I know this is not new.  For heaven’s sakes, Wordsworth was saying the world was too much with us back in 1802.  But the world is hella more complicated in 2015, which makes it all the more essential to get away from it if we want to be true to our art.  (Or at least, if we want to recharge our flagging art.)

I’ve been thinking for a quite a while that I’ve needed to go to a writer’s residency somewhere.  I had actually even applied to one for the summer–and mistakenly believed I’d get in–and of course, everyone knows, throwing all your eggs into one basket is the surest way to making scrambled eggs.  But even if that didn’t work out, there are other residencies, other writers conferences that can help me to reconnect with writing.

I think a residency is one way to actively court inspiration.  Meeting with new writers, inhabiting a new space for a while, getting out of the routine of our daily existence–this is all about finding that new rhythm.  Certainly not everyone can afford the luxury of a writer’s residency (I mean, I can’t really either, but whatever)–but those rhythms are all around us.  We can hear them when we disconnect. We can hear them when we start reading one of our books from our never-ending “books to read” pile.  We can hear them when we sit on top of Stone Mountain, or if we’re taking a walk on a wooded path.  We can hear those rhythms everywhere if we give ourselves a chance.

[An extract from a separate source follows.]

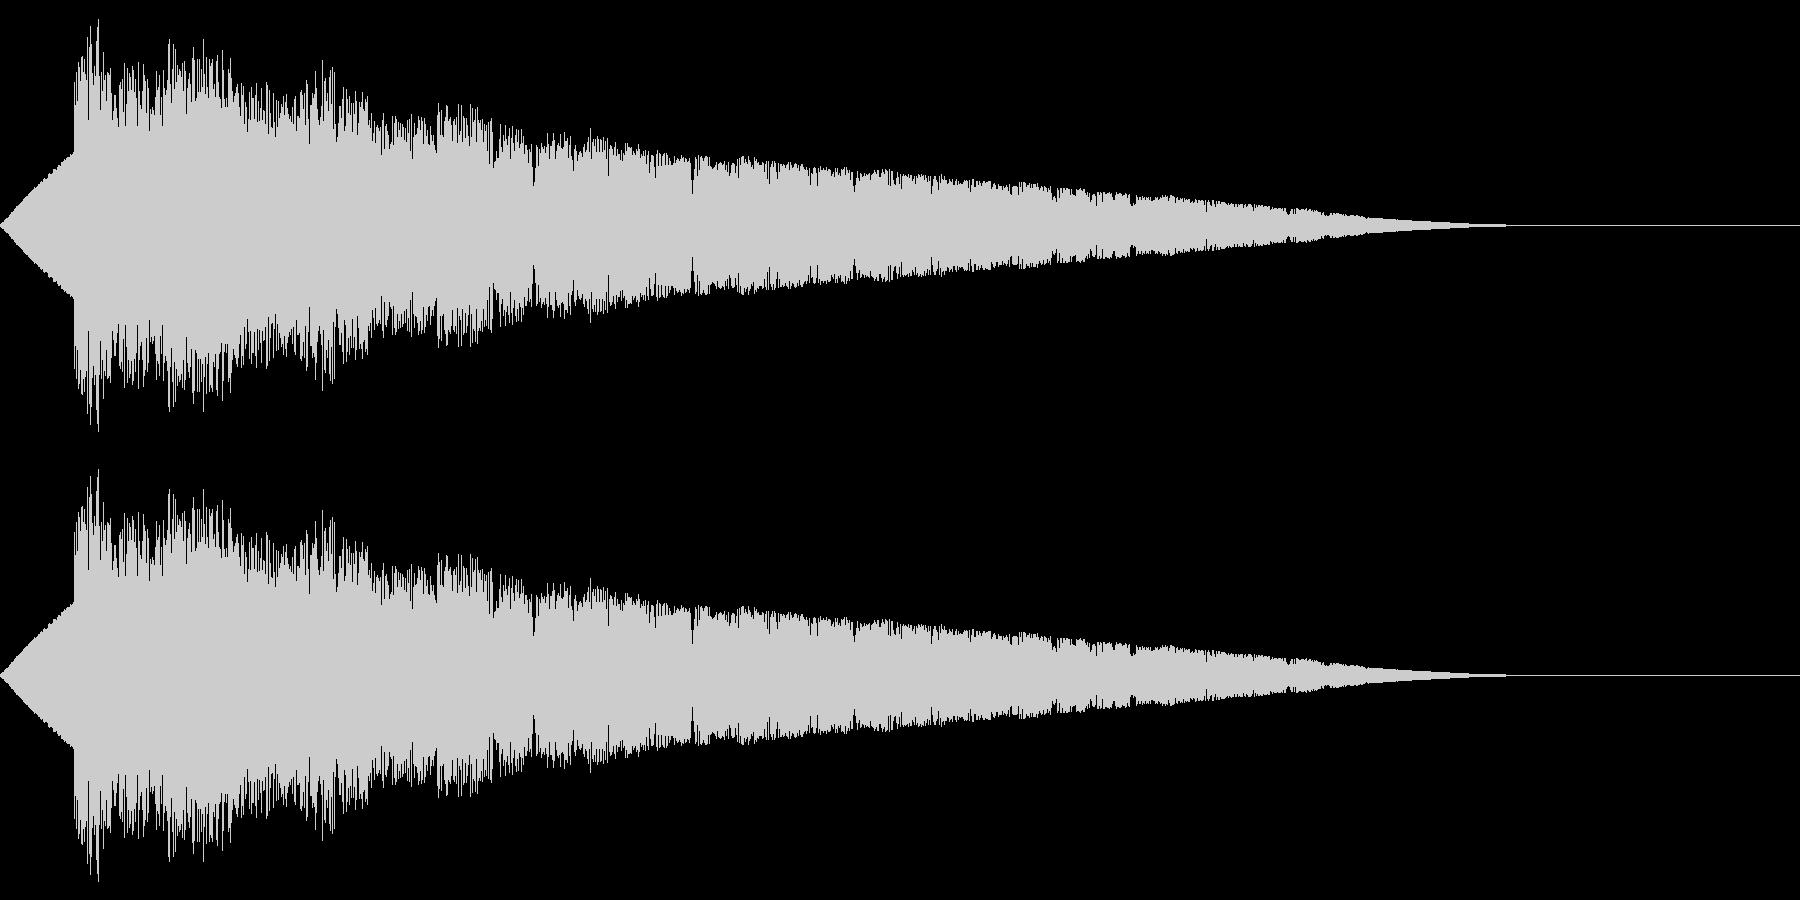 ピヨピヨピー(ファミコン/ワープ/宇宙の未再生の波形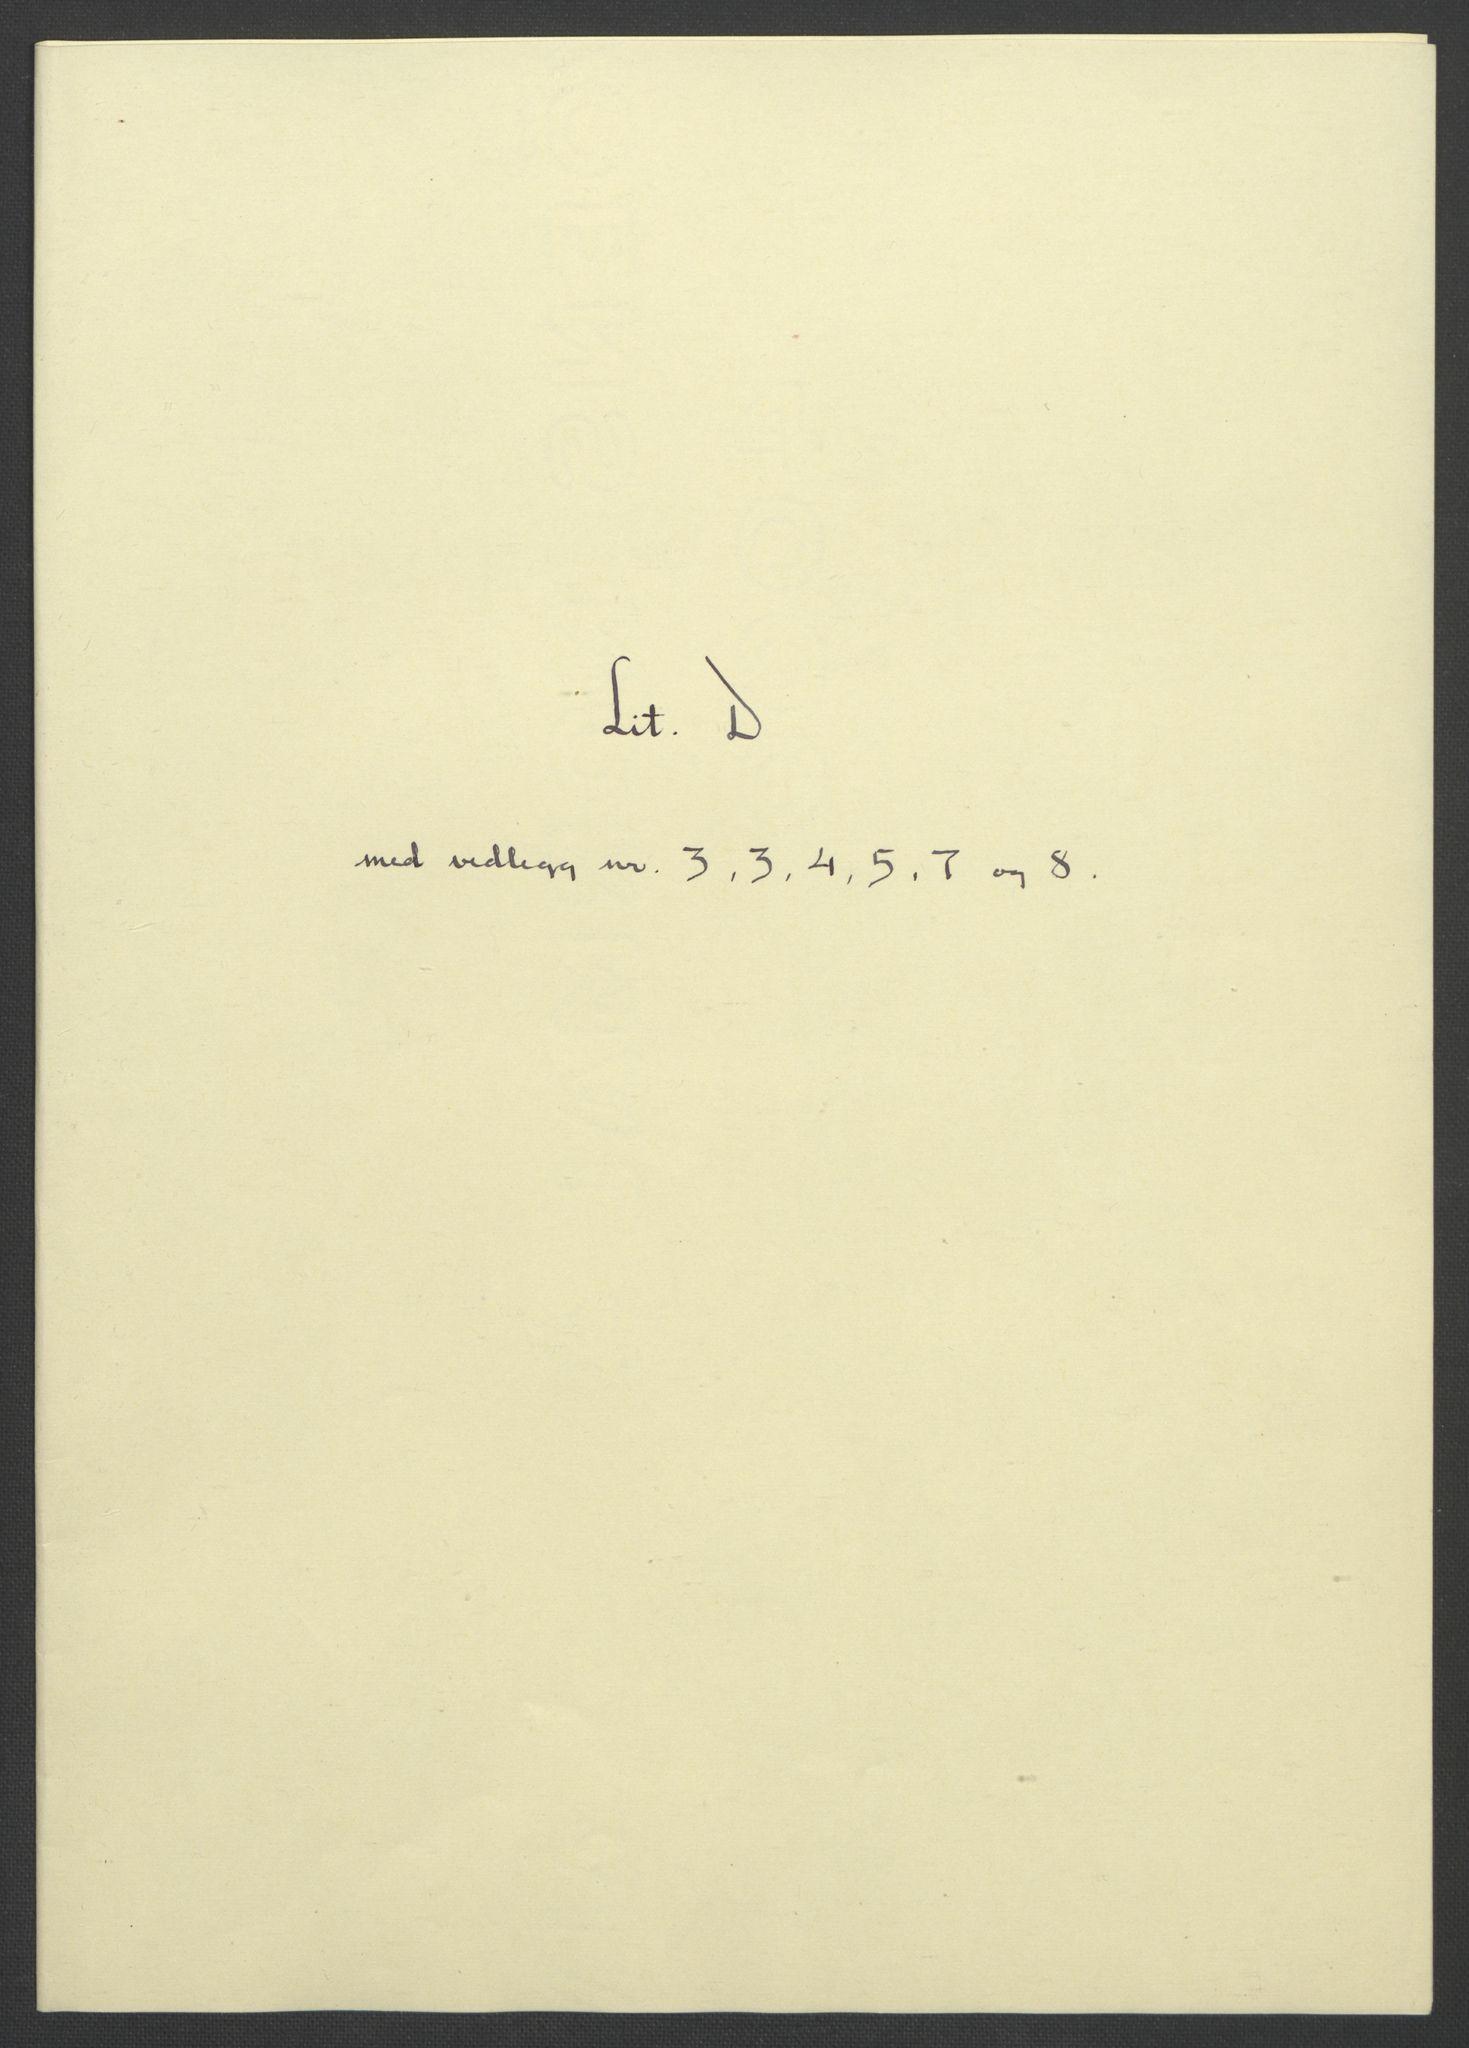 RA, Rentekammeret inntil 1814, Reviderte regnskaper, Fogderegnskap, R53/L3422: Fogderegnskap Sunn- og Nordfjord, 1695-1696, s. 75

Inspiration wants us to find it.  It does expect us to work a little, of course, to get outside ourselves a little, so we can see it, and benefit from what it has to show us.  Inspiration wants to include us.  It wants us to get into its rhythm.  We don’t have to be “ideas” people to get access–we just have to be a little more open-eared and flexible.

And maybe that seems harder than it really is because we’re too tied to our devices and routines.  But I for one am going to try to slip into that rhythm, because it’s calling me.